*** Data extract ***
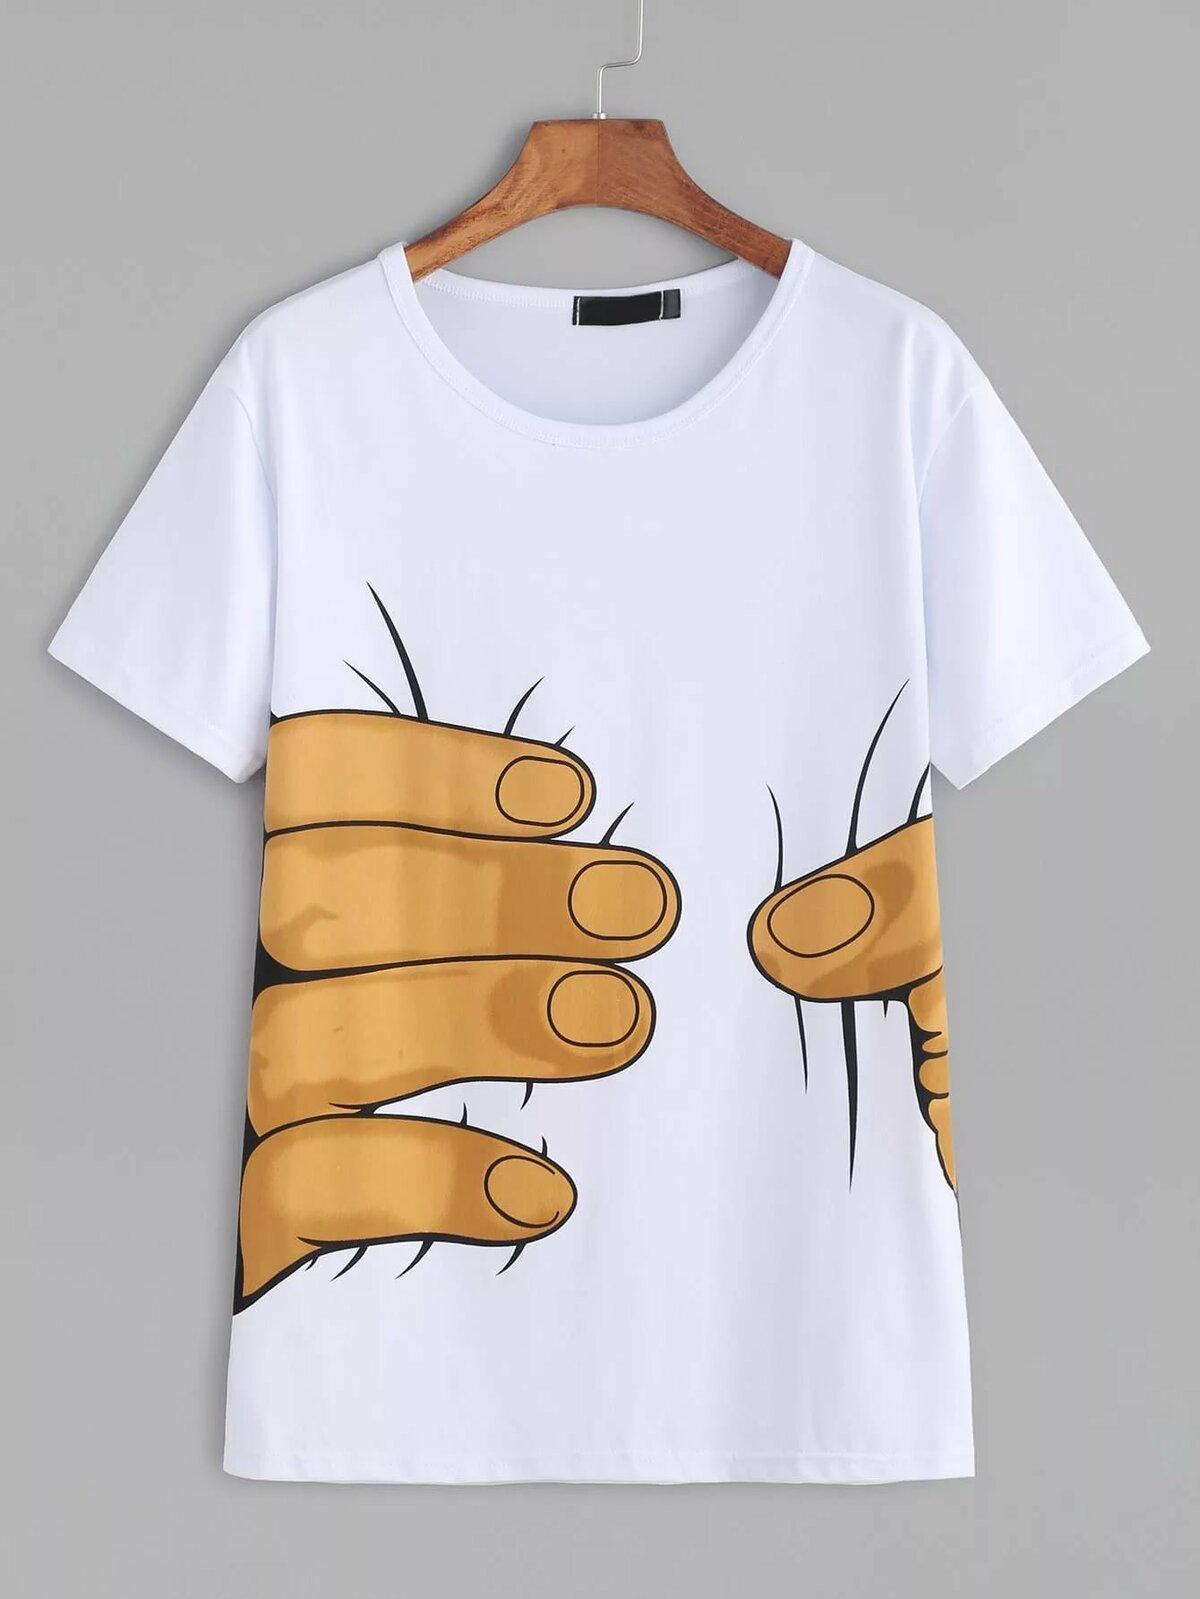 коллекция футболку картинка рук материал также покрывают
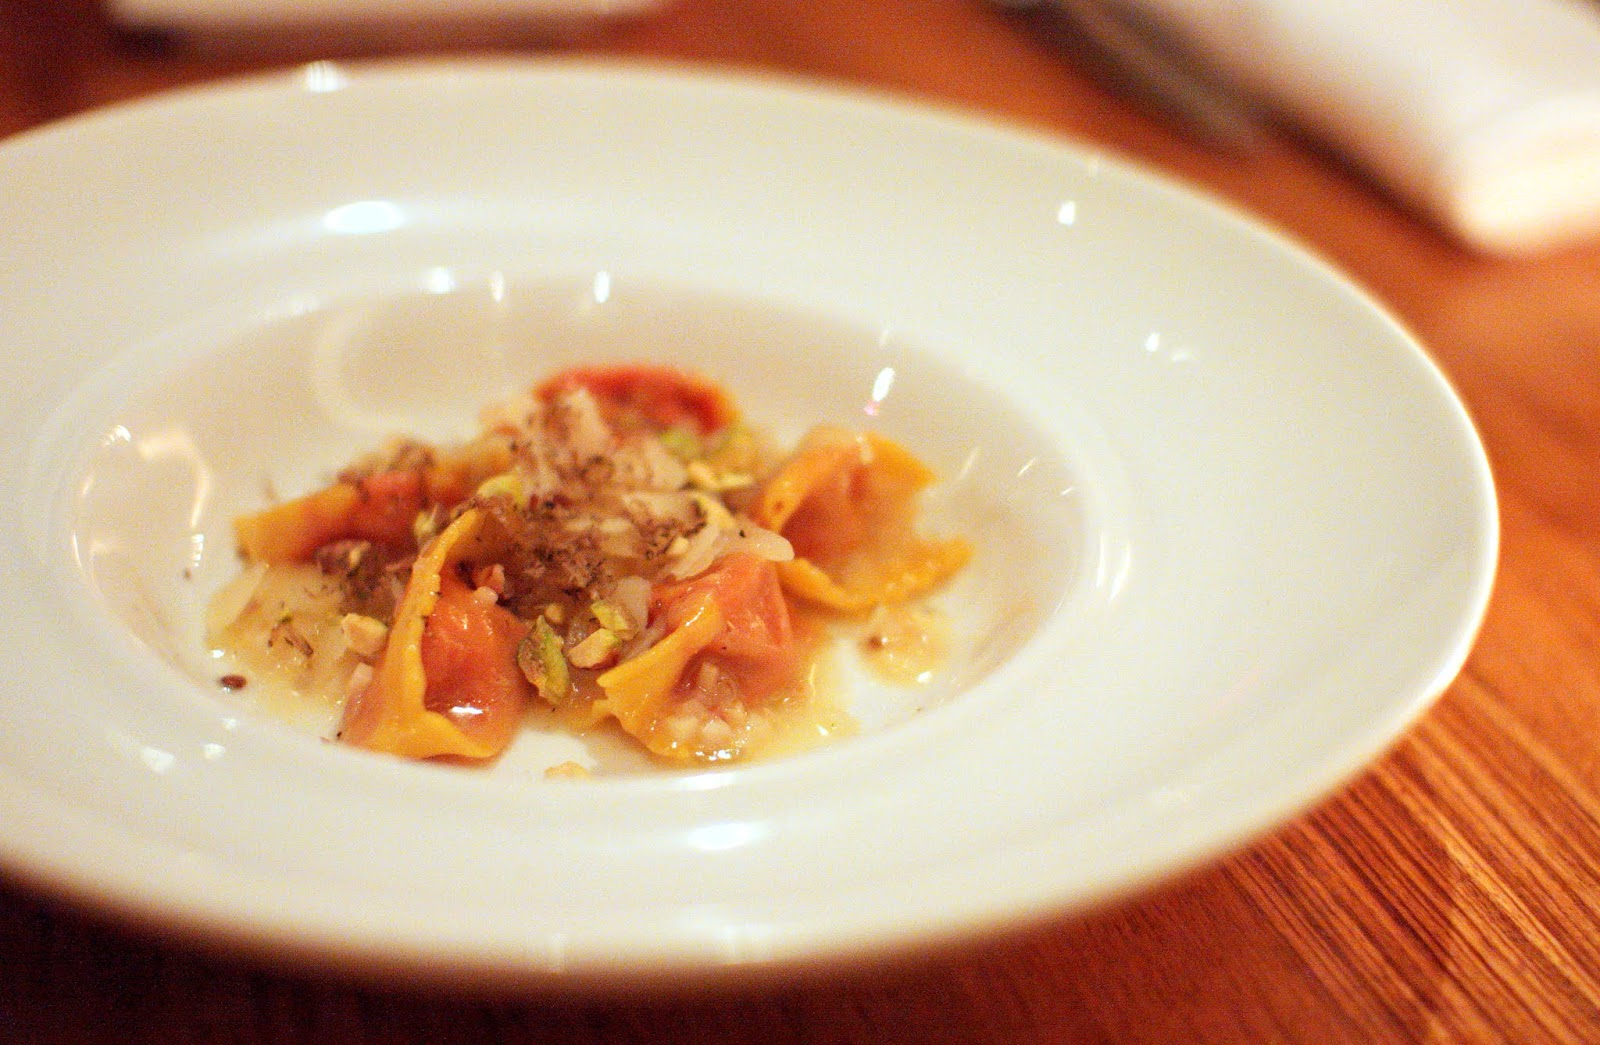 Pistachio, Celeriac, Butter Braised Vidalia Onions, Grana Padano
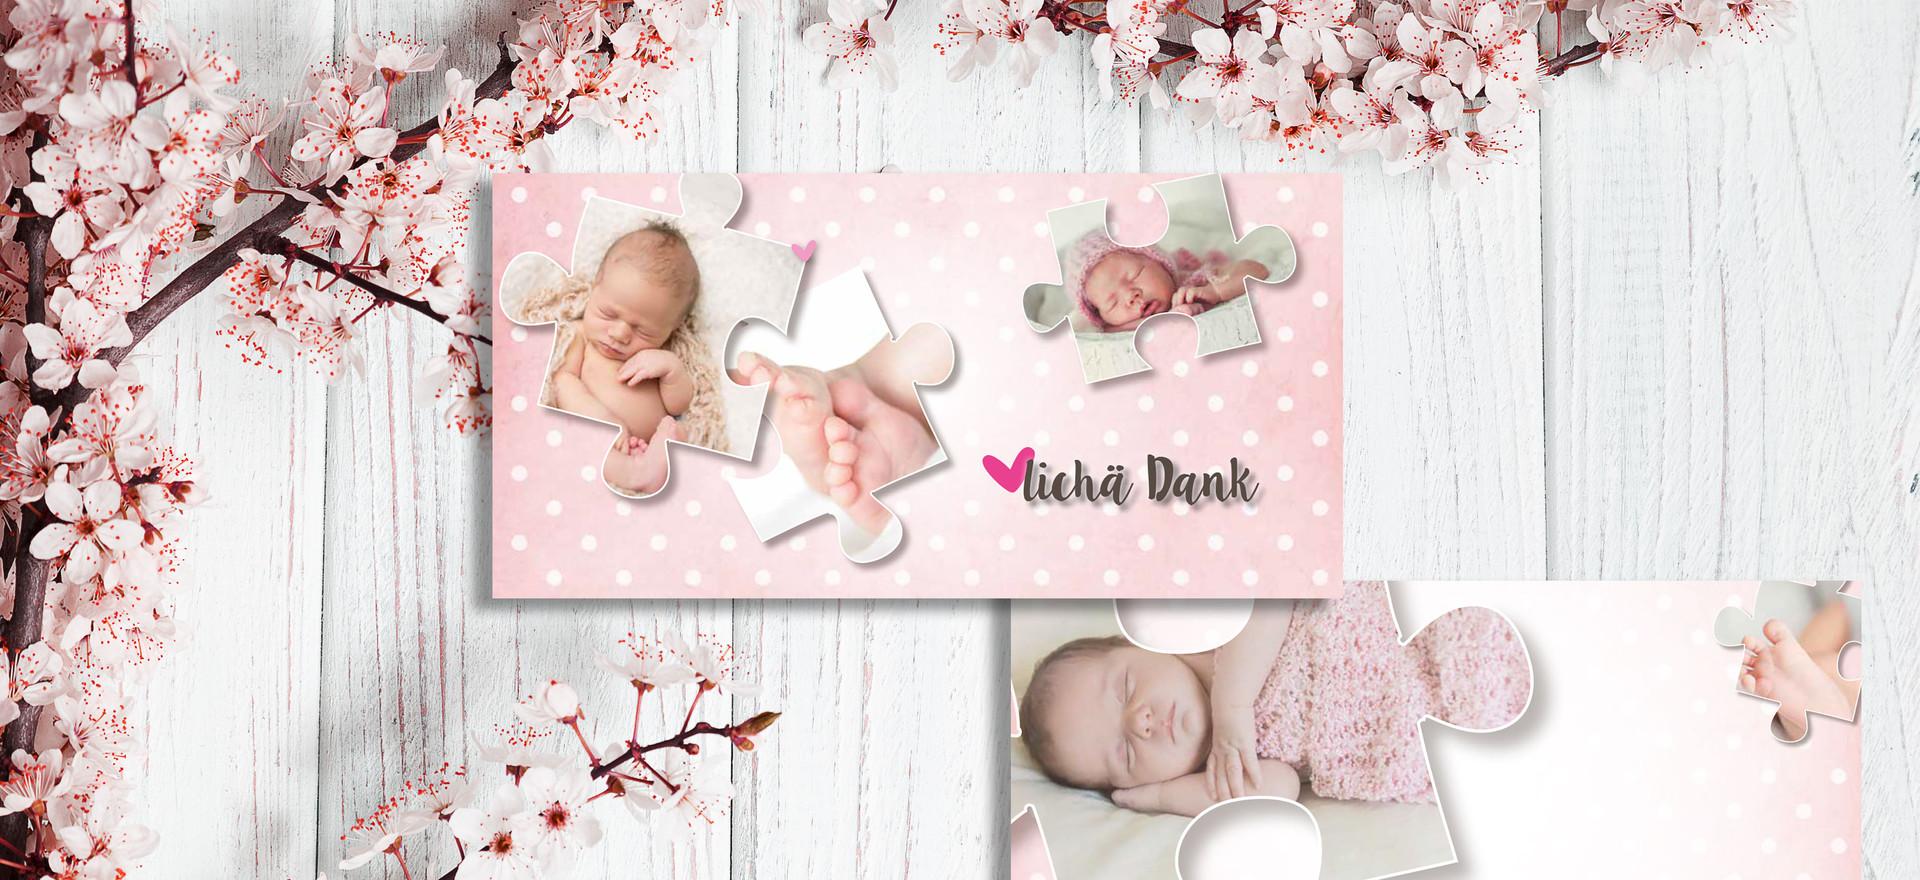 Geburtskarten, Hochzeitskarten, Dankeskarten, Dankeskarte Lola | Schweiz | online bestellen
*** End of Data extract ***
- Work order:
The listing above must be given again exactly, minus its pictures.

- Output for this exercise:
 коллекция футболку картинка рук материал также покрывают
 Pistachio, Celeriac, Butter Braised Vidalia Onions, Grana Padano
 Geburtskarten, Hochzeitskarten, Dankeskarten, Dankeskarte Lola | Schweiz | online bestellen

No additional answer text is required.